DATA PROVIDED:
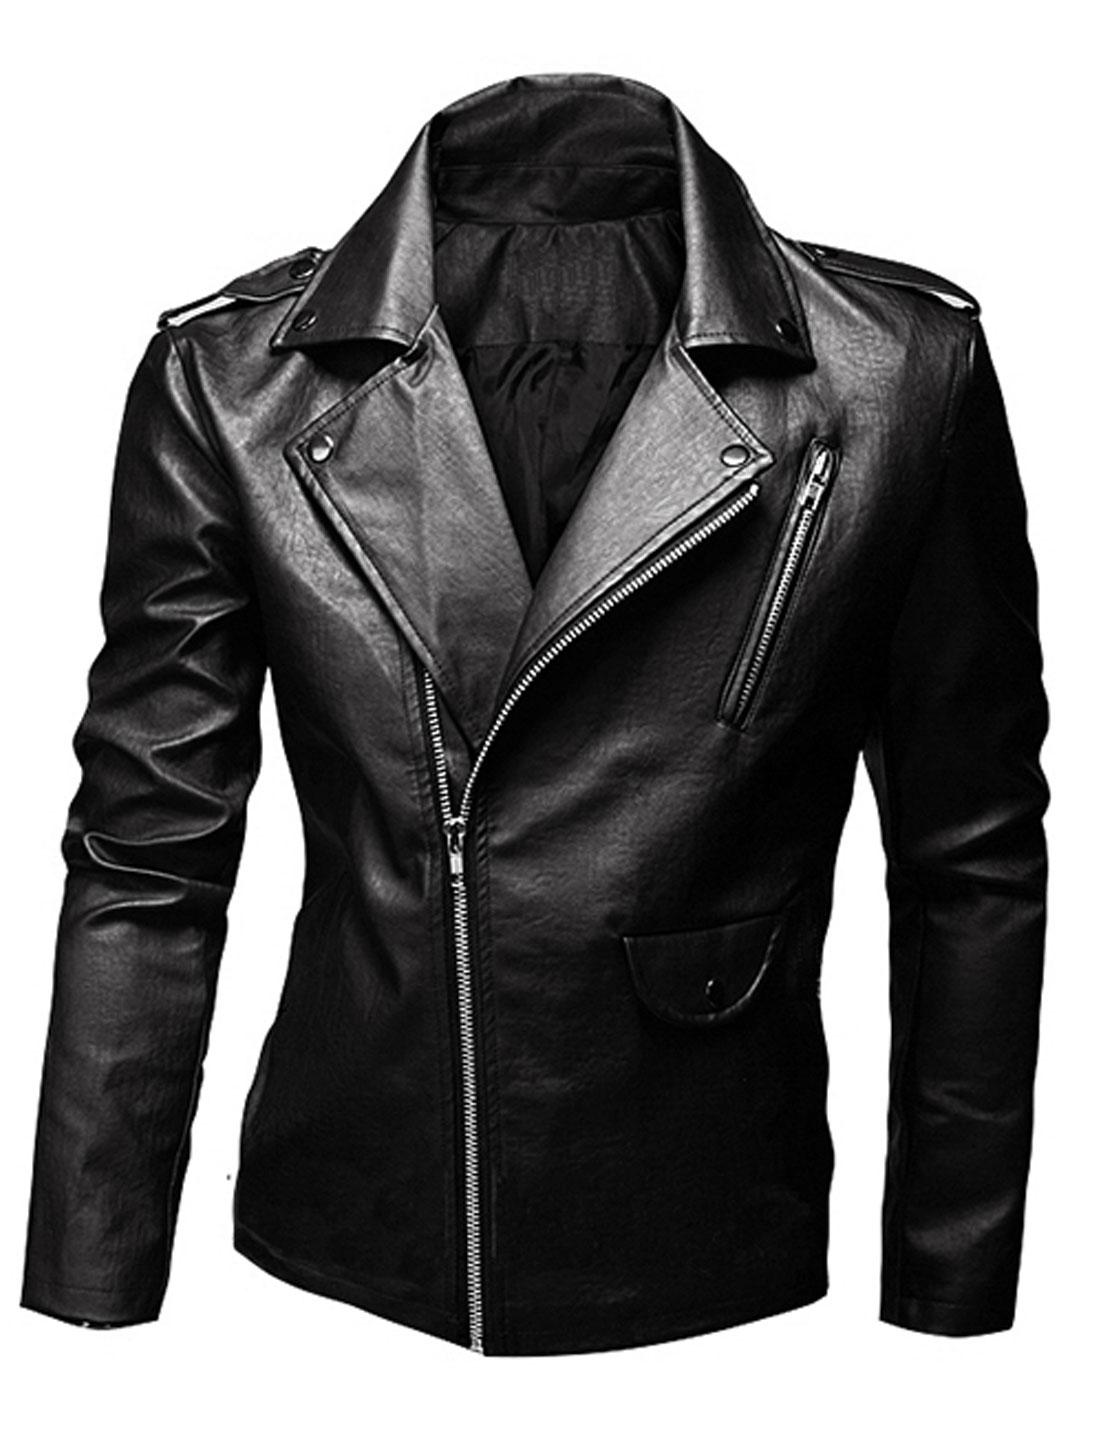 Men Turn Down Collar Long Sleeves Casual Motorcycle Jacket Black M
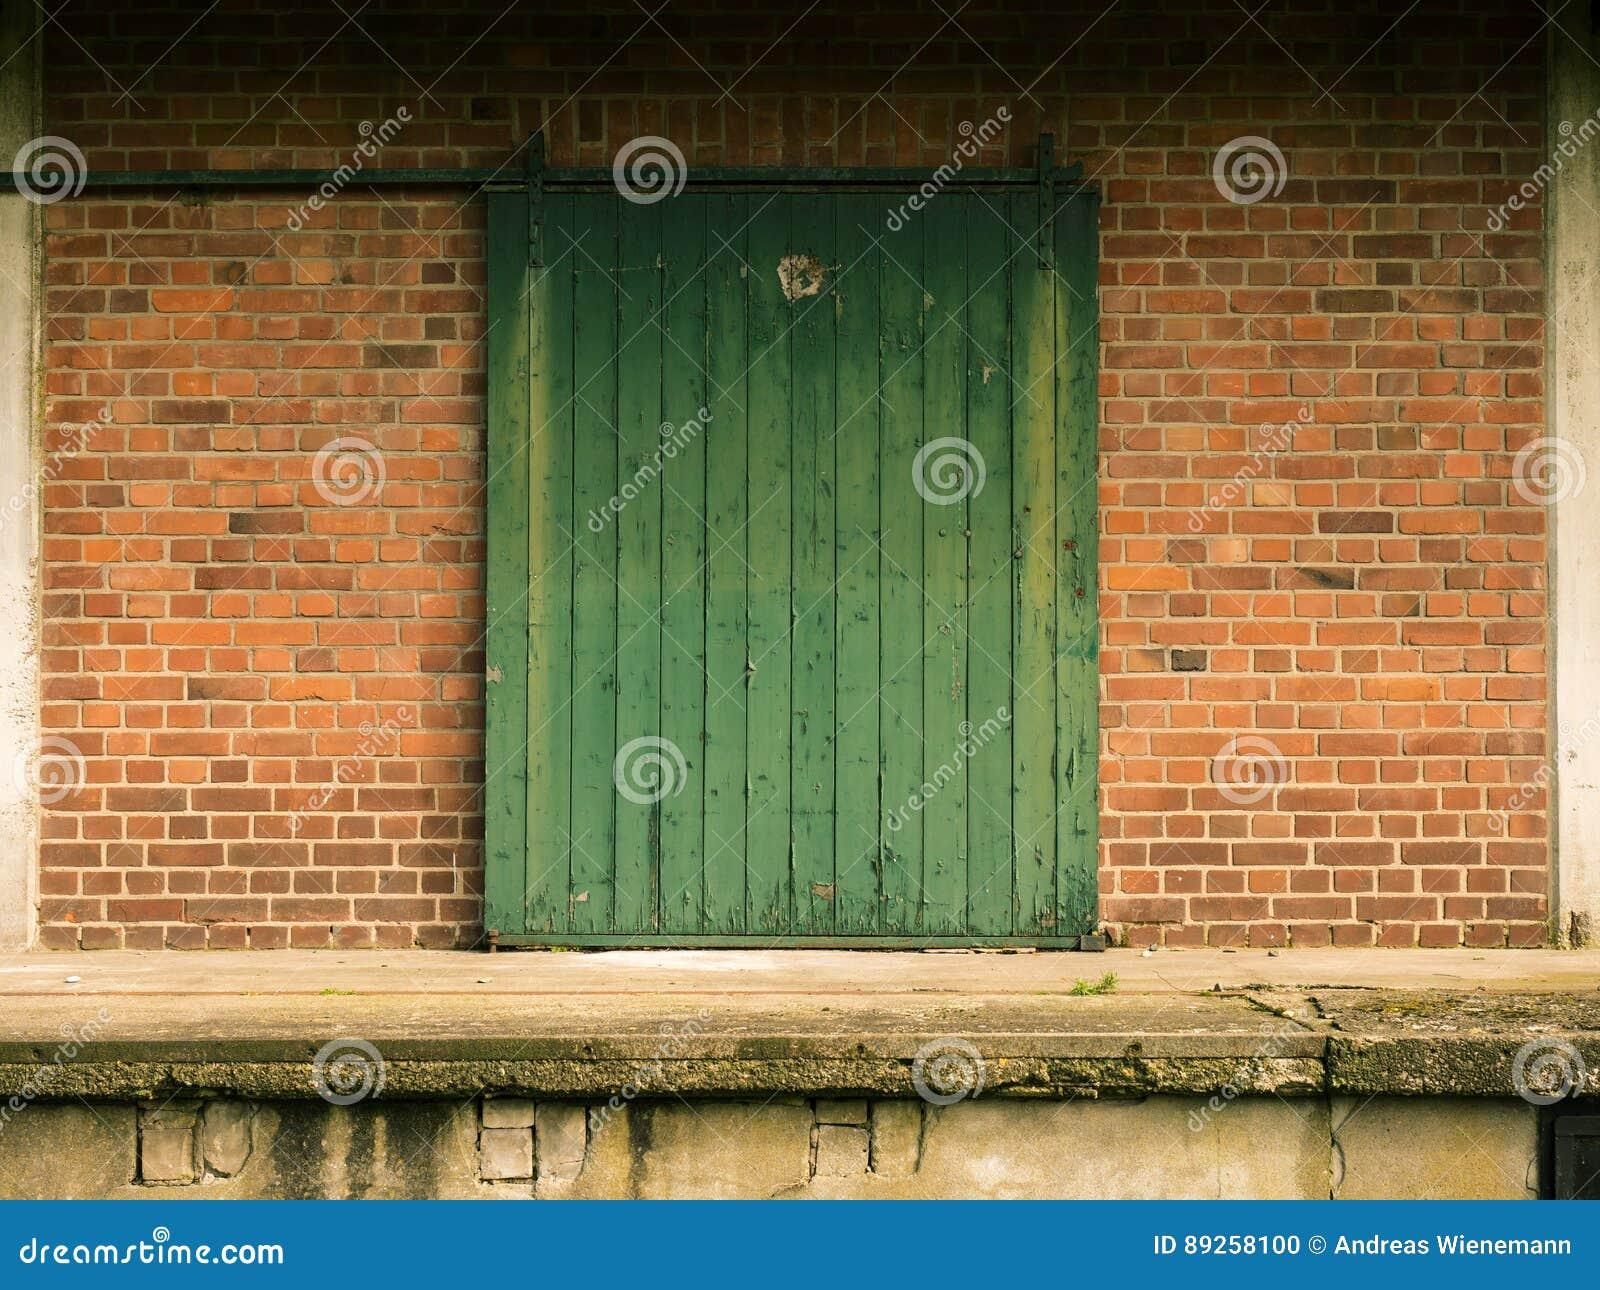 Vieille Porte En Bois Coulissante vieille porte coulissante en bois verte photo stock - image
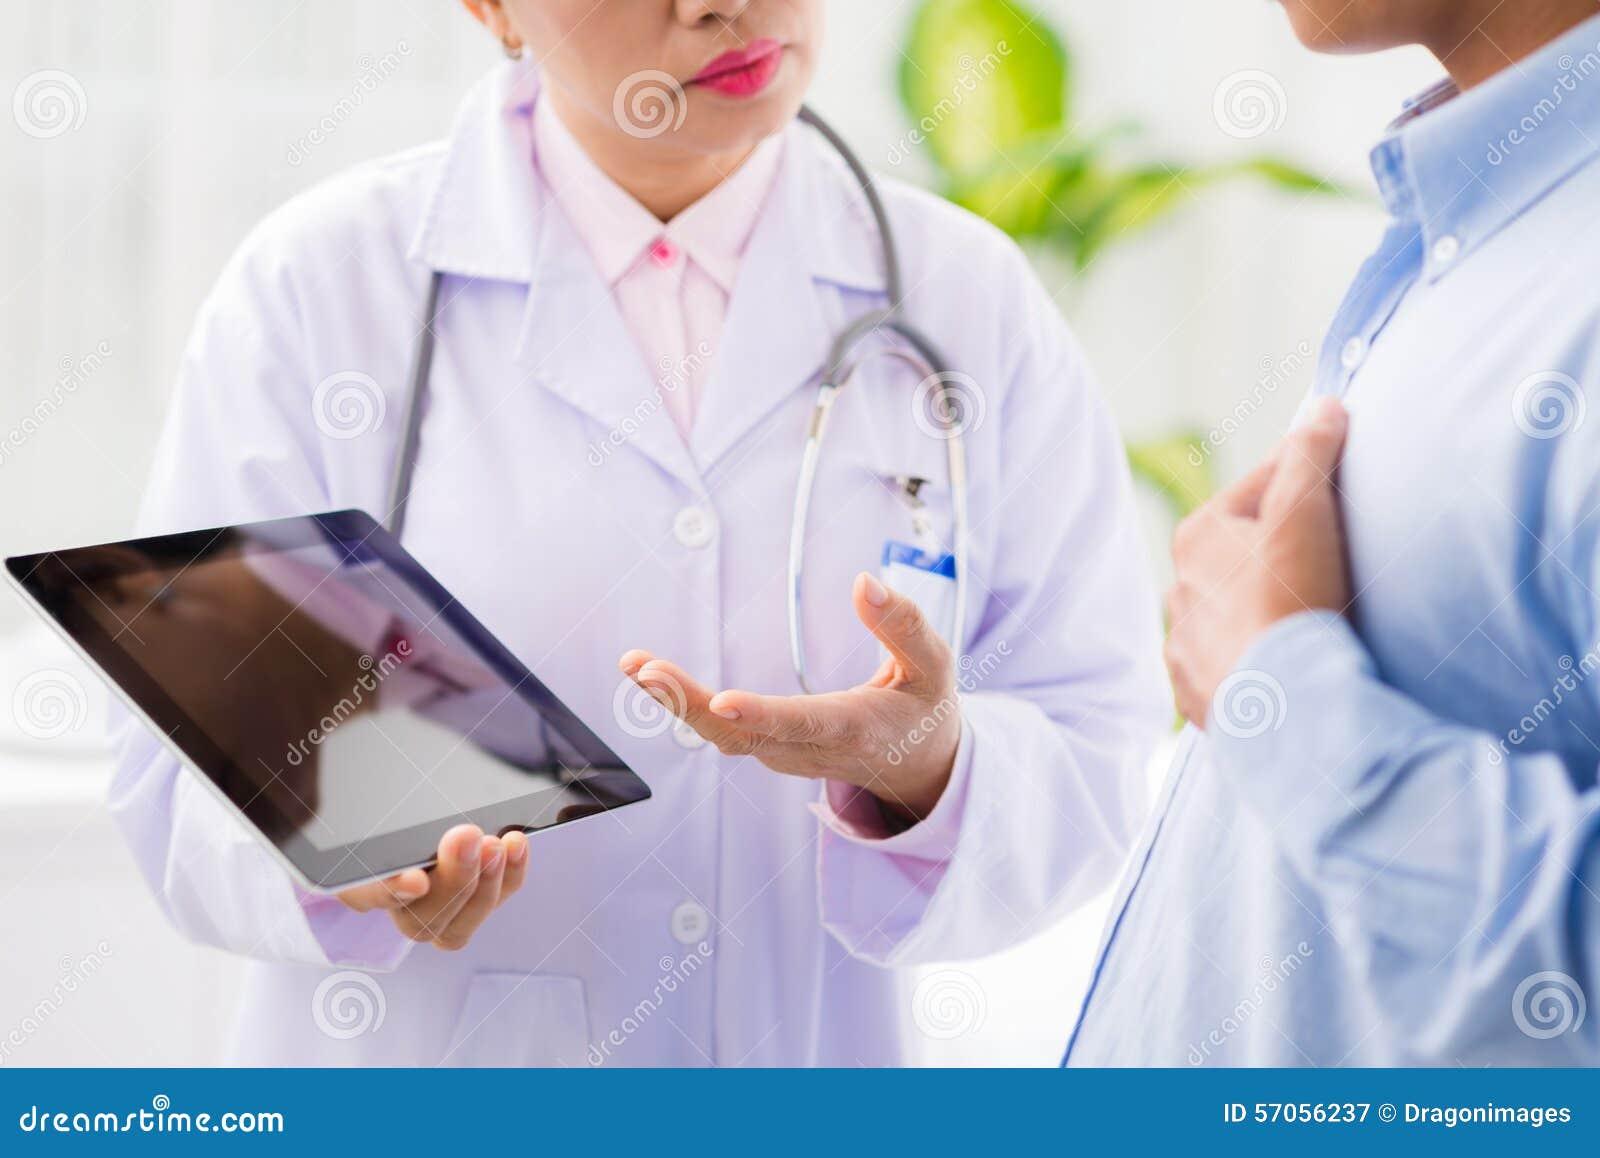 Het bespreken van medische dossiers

TASK PROMPT:
Each line from the one holding "Vieille Porte En" through the end of the listing is to be output exactly, both ends included, with no other lines and the pictures left out.

FINISHED TASK:
 Vieille Porte En Bois Coulissante vieille porte coulissante en bois verte photo stock - image
 Het bespreken van medische dossiers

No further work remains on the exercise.